#### Work task:
Every line from the one with "Lancôme Effacernes Longue" up to and including the one with "[US Direct] Yong" is to be output exactly as it appears below; pictures are not.

#### Supplied records:

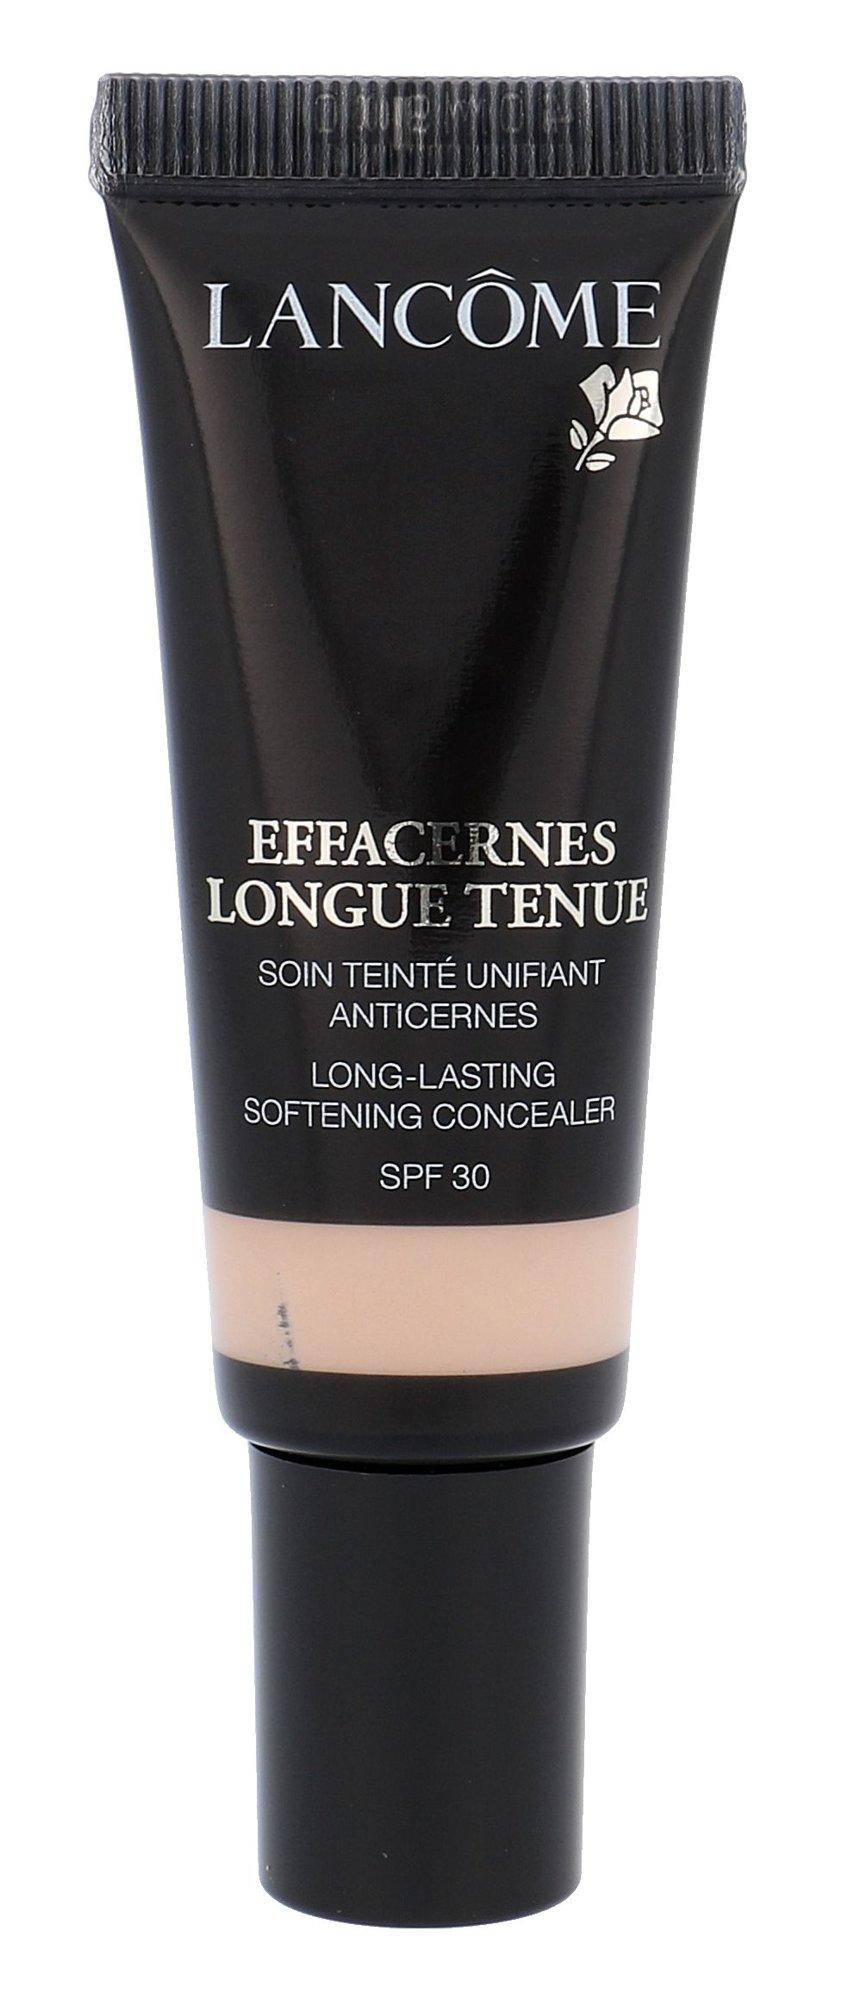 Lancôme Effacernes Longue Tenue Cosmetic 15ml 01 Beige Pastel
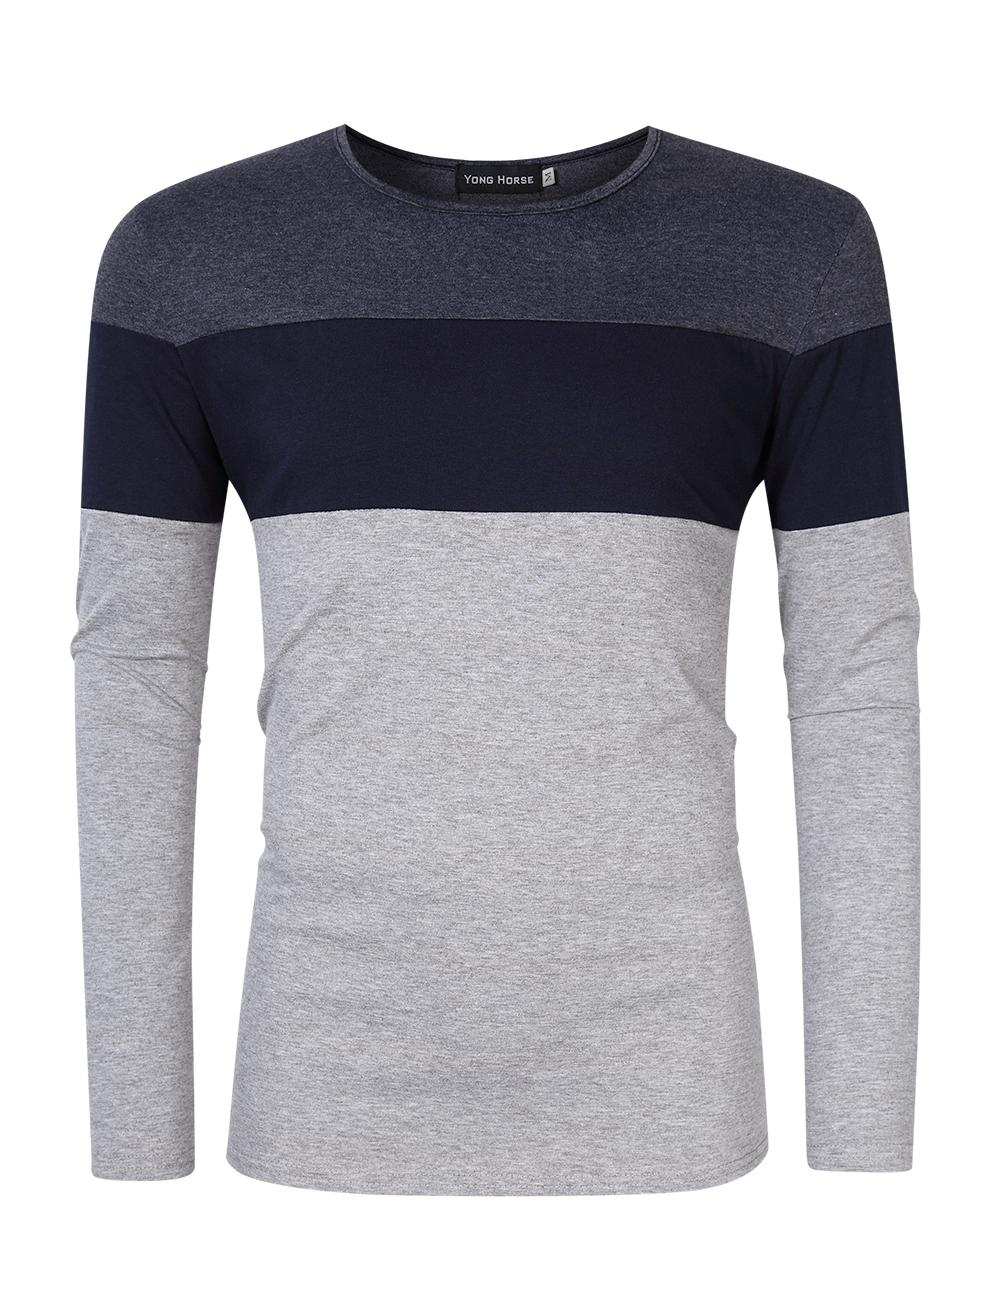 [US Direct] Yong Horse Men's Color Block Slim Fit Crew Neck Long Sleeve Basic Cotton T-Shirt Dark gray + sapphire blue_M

==

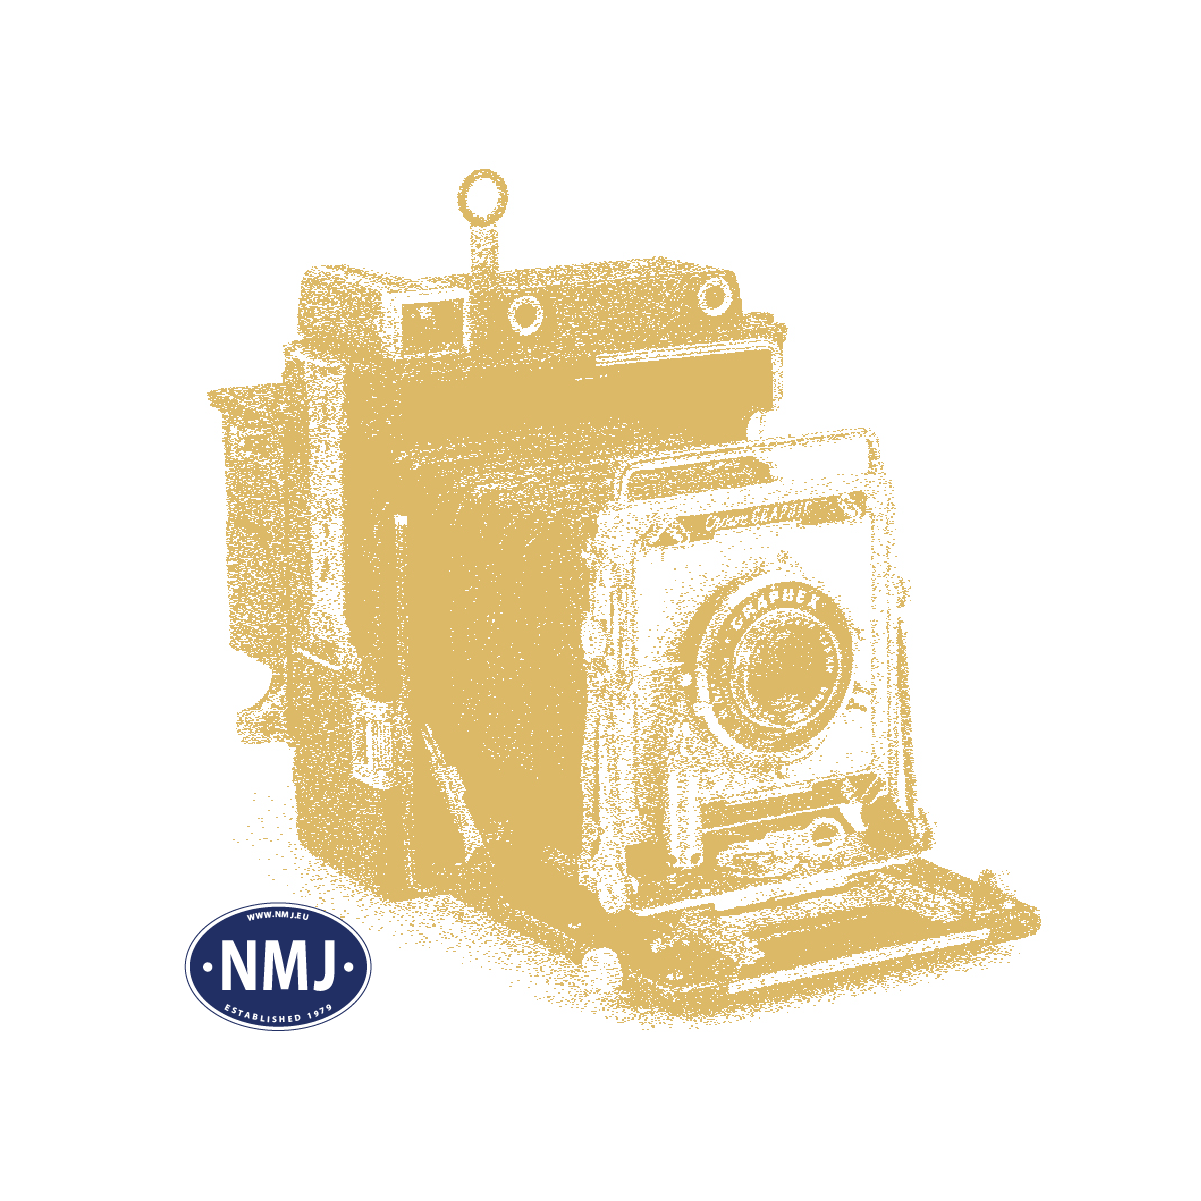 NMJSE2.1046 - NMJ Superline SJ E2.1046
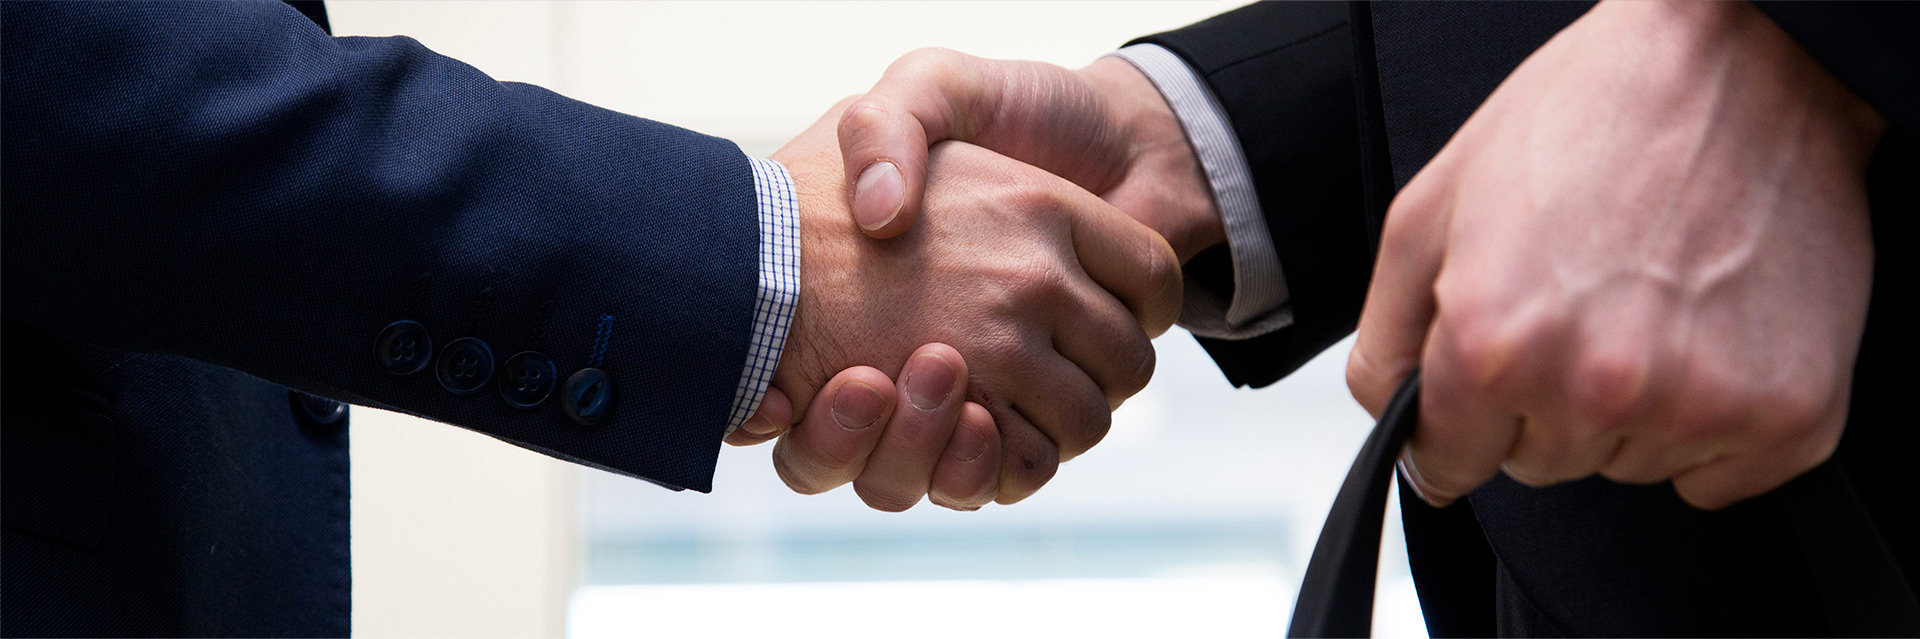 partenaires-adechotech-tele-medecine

==

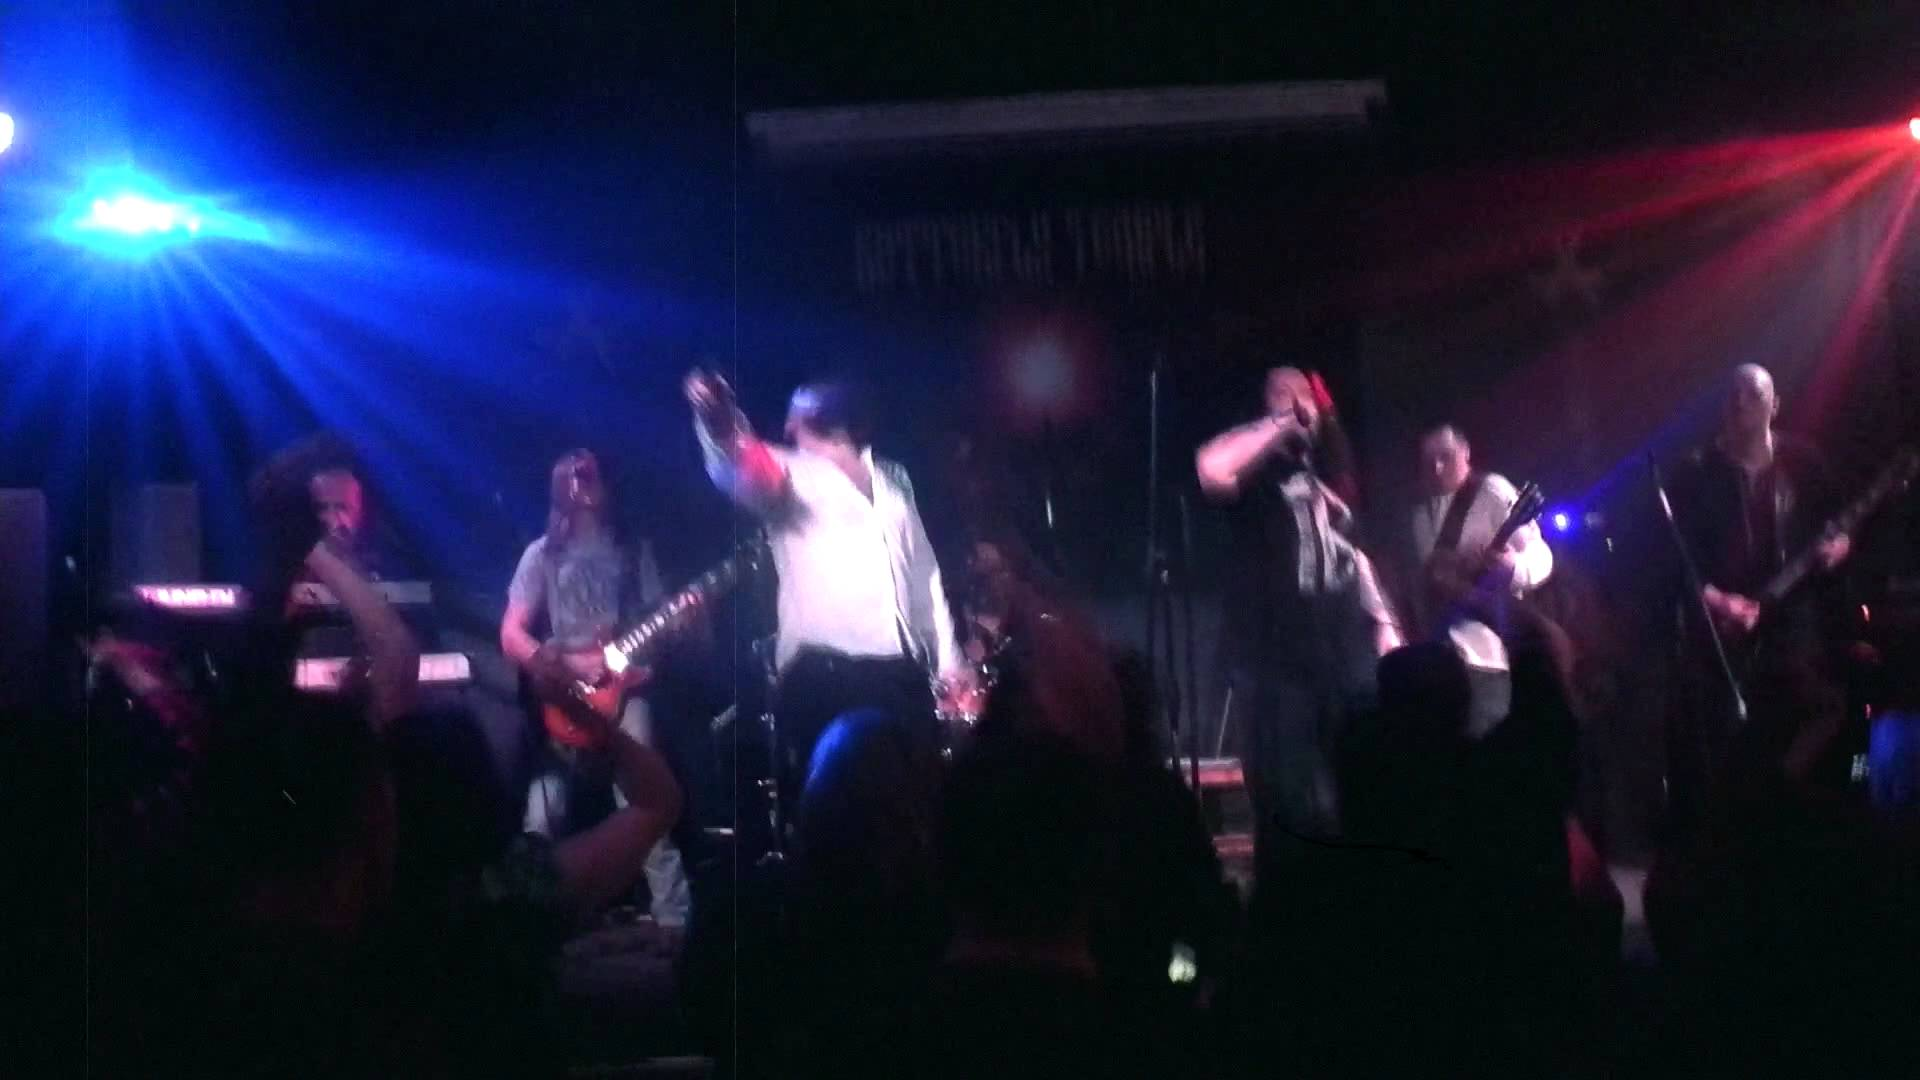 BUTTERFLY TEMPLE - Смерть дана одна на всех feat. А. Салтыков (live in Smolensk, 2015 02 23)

#### Task output:
 Lancôme Effacernes Longue Tenue Cosmetic 15ml 01 Beige Pastel
 [US Direct] Yong Horse Men's Color Block Slim Fit Crew Neck Long Sleeve Basic Cotton T-Shirt Dark gray + sapphire blue_M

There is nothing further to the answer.